XCRI-CAP (eXchanging Course Related Information, Course Advertising Profile) is the UK standard for course marketing information in Higher Education. It is compatible with the European Standard Metadata for Learning Opportunities. The W3C schema course extension community group has developed terms for describing educational courses that are now part of schema.org. Here I look at translating the data from an XCRI-CAP xml feed to schema.org json-ld.
The aim here is to illustrate the extent to which the two specifications are interoperable. Also mapping a functioning specification for advertising courses to schema.org terms will give an indication what might be lacking from the latter, or to help define a subset of schema.org that could be used as an application profile for course advertising. Finally, there is a python script that might be the start of a useful tool for people who have XCRI-CAP data and want to use schema.org to describe those courses.
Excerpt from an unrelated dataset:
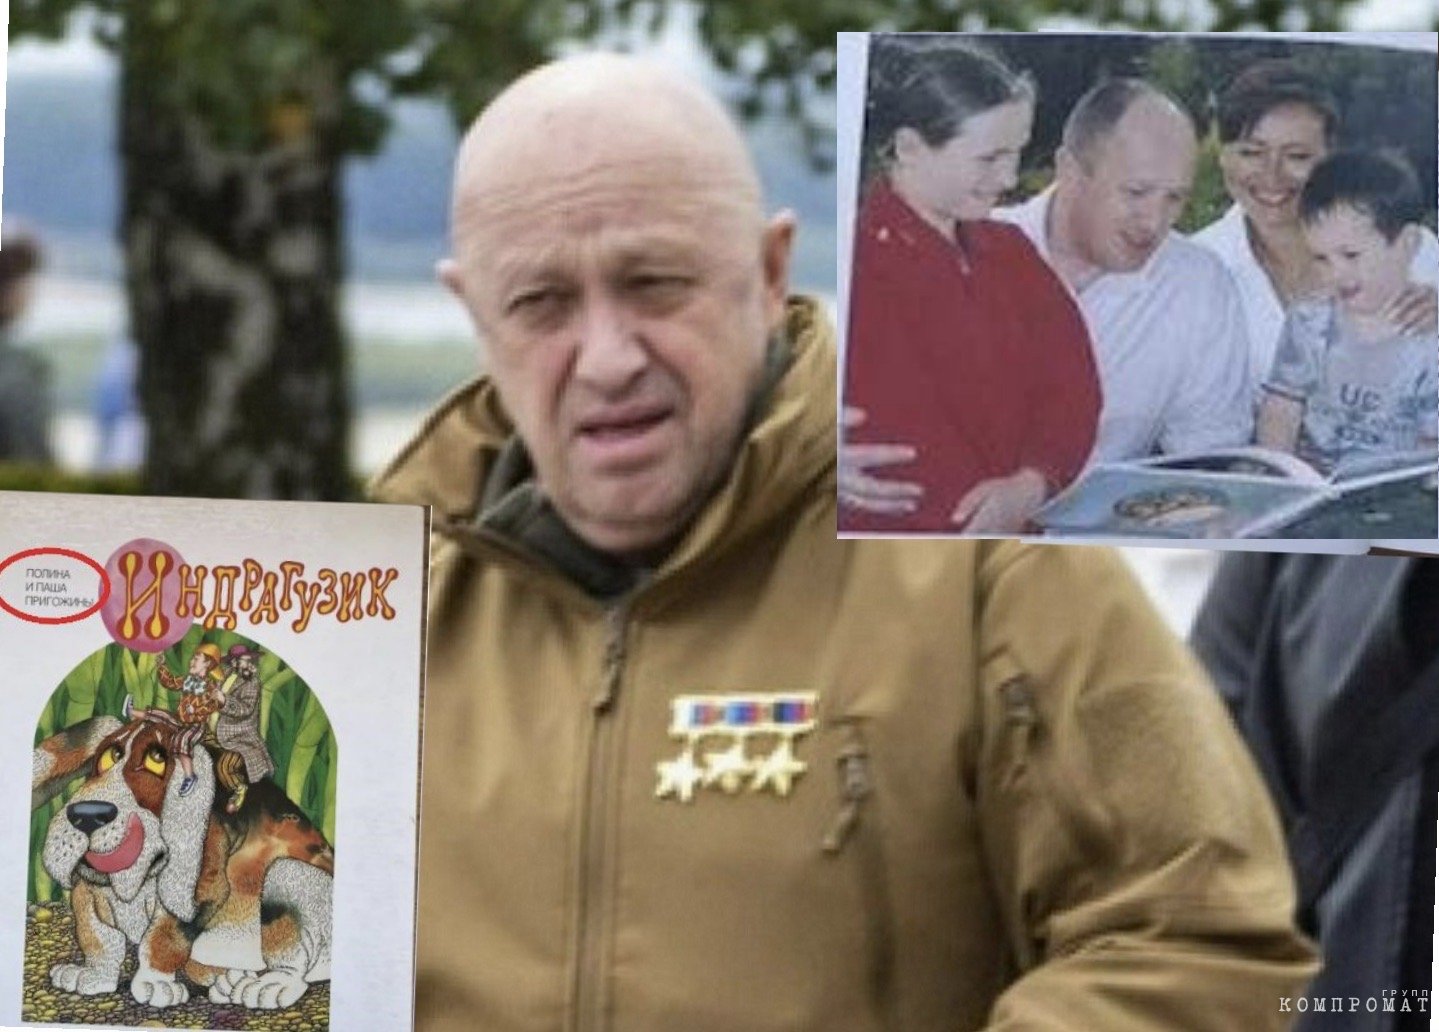 Evgeny Prigozhin, the real author of Indraguzikov, and a family photo from the book

Before going any further I should clear up one potential point of misunderstanding. In the UK ‘course’ is often used to describe a programme of study at University or College level lasting from one to five years, leading to an award such as an Diploma, Degree, Masters etc. These ‘courses’ also called programmes, and roughly translate to what in the US can be called a Course of Study. They typically comprise several modules, also often called courses (sorry, we made up this language as we went along). XCRI-CAP is primarily used to describe these long courses/programs of study, because in the UK that is what institutions typically advertise to potential students. However, XCRI-CAP can also be used to describe short courses. My sense from the development of the schema course extension is that many people had short courses in mind (e.g. MOOCs), however it is also applicable to long courses / programs of study. So, in short, for this discussion, if it is a “sequence of events and/or creative works that aims to build the knowledge, competence or ability of learners” then I’ll call it a course, however long or short it is.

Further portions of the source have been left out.